The frenetic price swings continue in the oil market today, as prices push higher ahead of the EIA’s weekly inventory report, further buoyed by dollar weakness. Hark, here are five things to consider in oil markets today:
1) Not only are we seeing the rig count showing signs of life, but we are also seeing action on the oil and gas equity issuance front, and also in terms of M&A. In recent days, Marathon Oil Corp. has announced it is buying PayRock Energy Holdings LLC for $888 million. The acquisition of PayRock strengthens Marathon’s hand in an area of Oklahoma called the STACK (Sooner Trend, Anadarko Basin, Canadian and Kingfisher counties), gaining rights to drill 61,000 acres, where it is said that oil production is still profitable at $45/bbl.

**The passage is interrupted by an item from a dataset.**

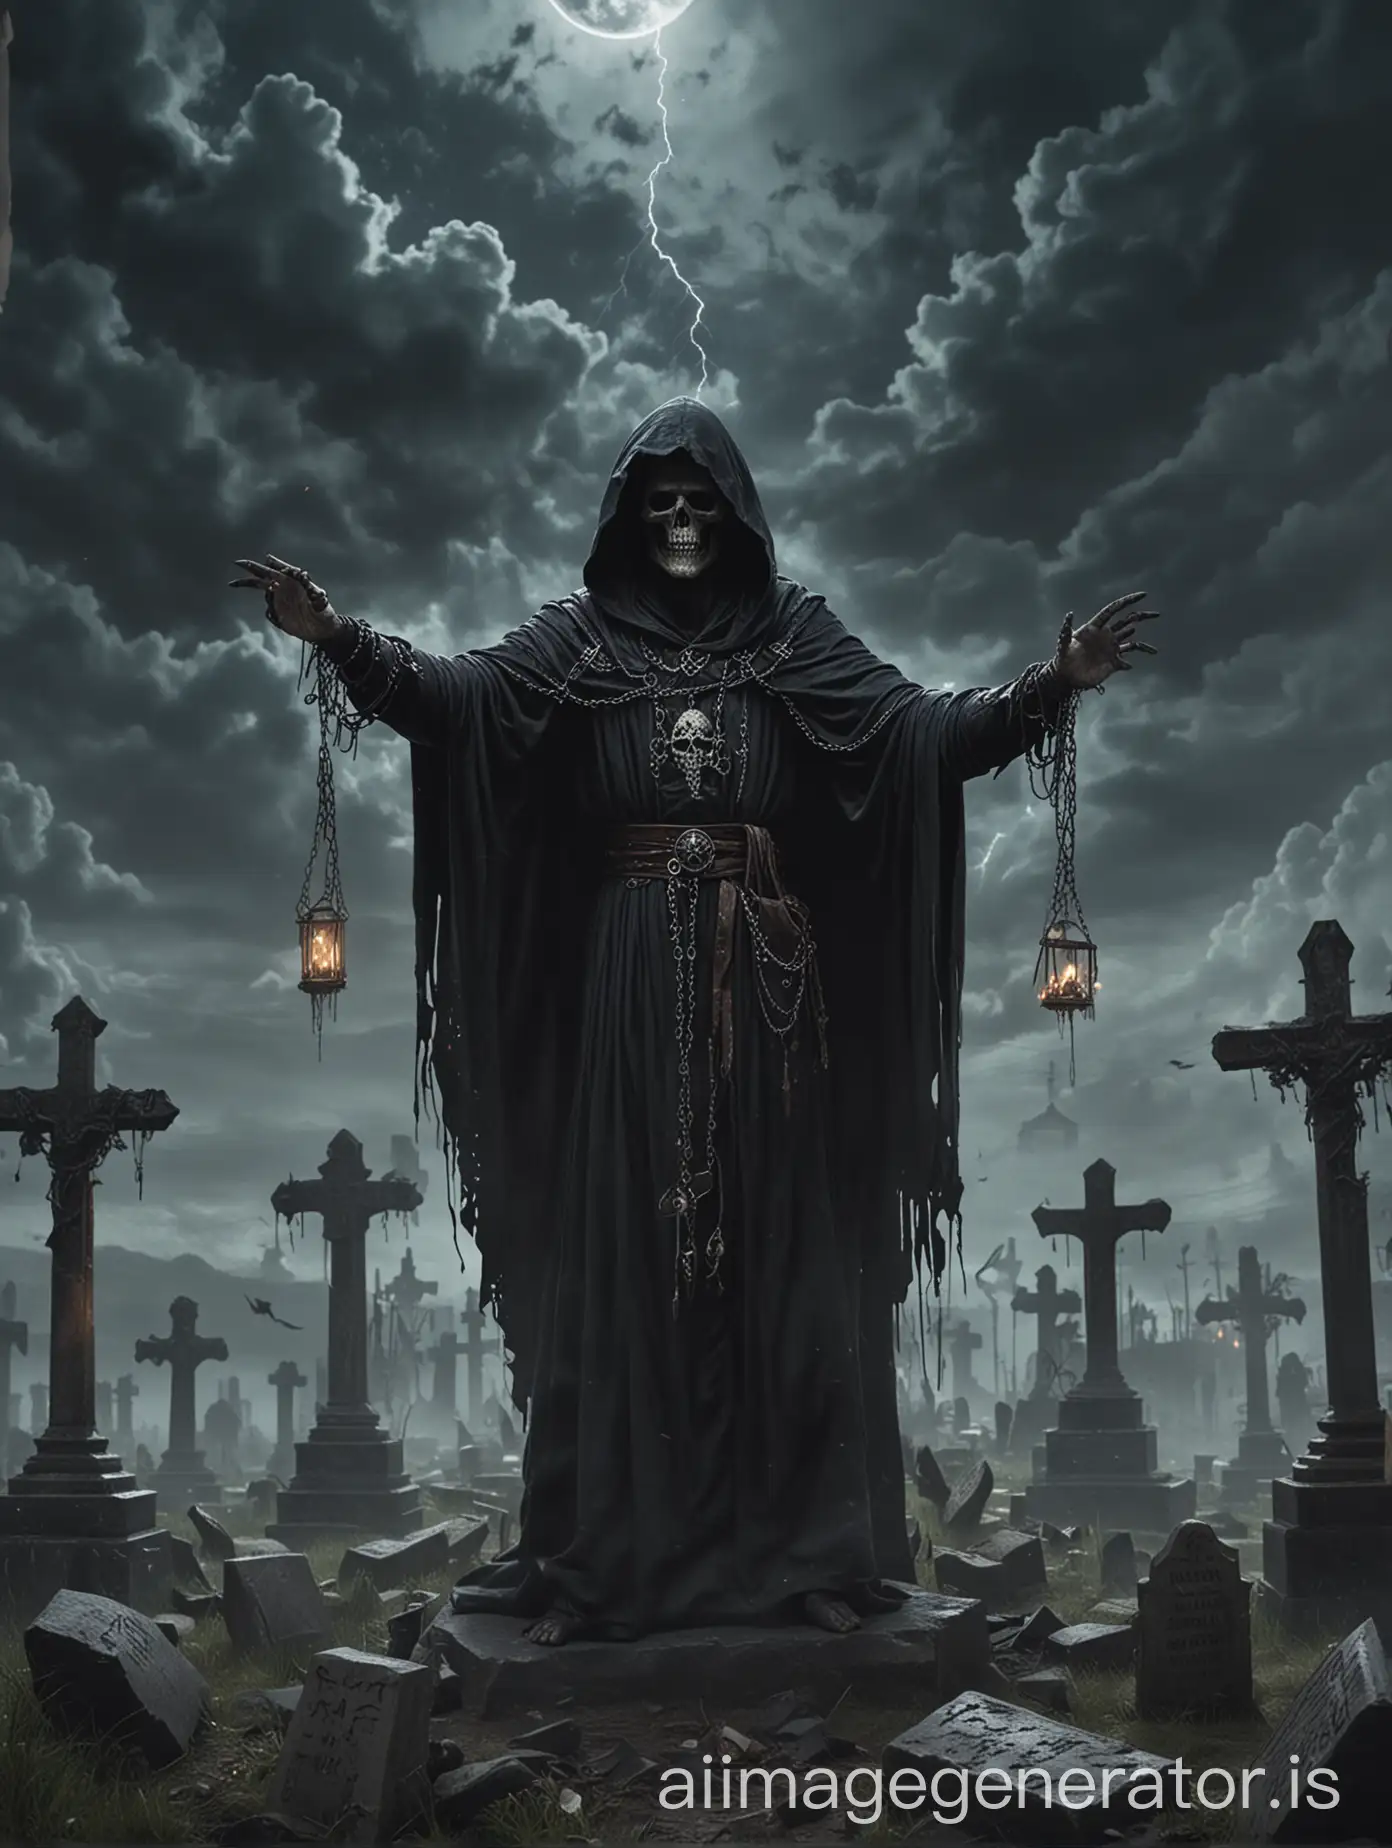 Dark-Necromancer-Summoning-Magic-at-Night-with-Graveyard-Surroundings

In addition, QEP Resources Inc announced yesterday that it is spending $600 million to buy 9,400 acres in the Permian Basin. Combine this purchase with Newfield Exploration’s acquisition of 42,000 acres in the STACK from Chesapeake Energy last month for $470 million, and it would appear that an oil price back in the vicinity of fifty dollardom is stirring up activity in the oil patch once more.
2) Signs of product demand weakness are appearing both in the near-term and on the horizon this week; first we have had Wood Mackenzie projecting that electric cars could cut gasoline demand by as much as 20% over the next two decades. (Given the pace of technological development, a drop of such a magnitude doesn’t seem beyond the realms).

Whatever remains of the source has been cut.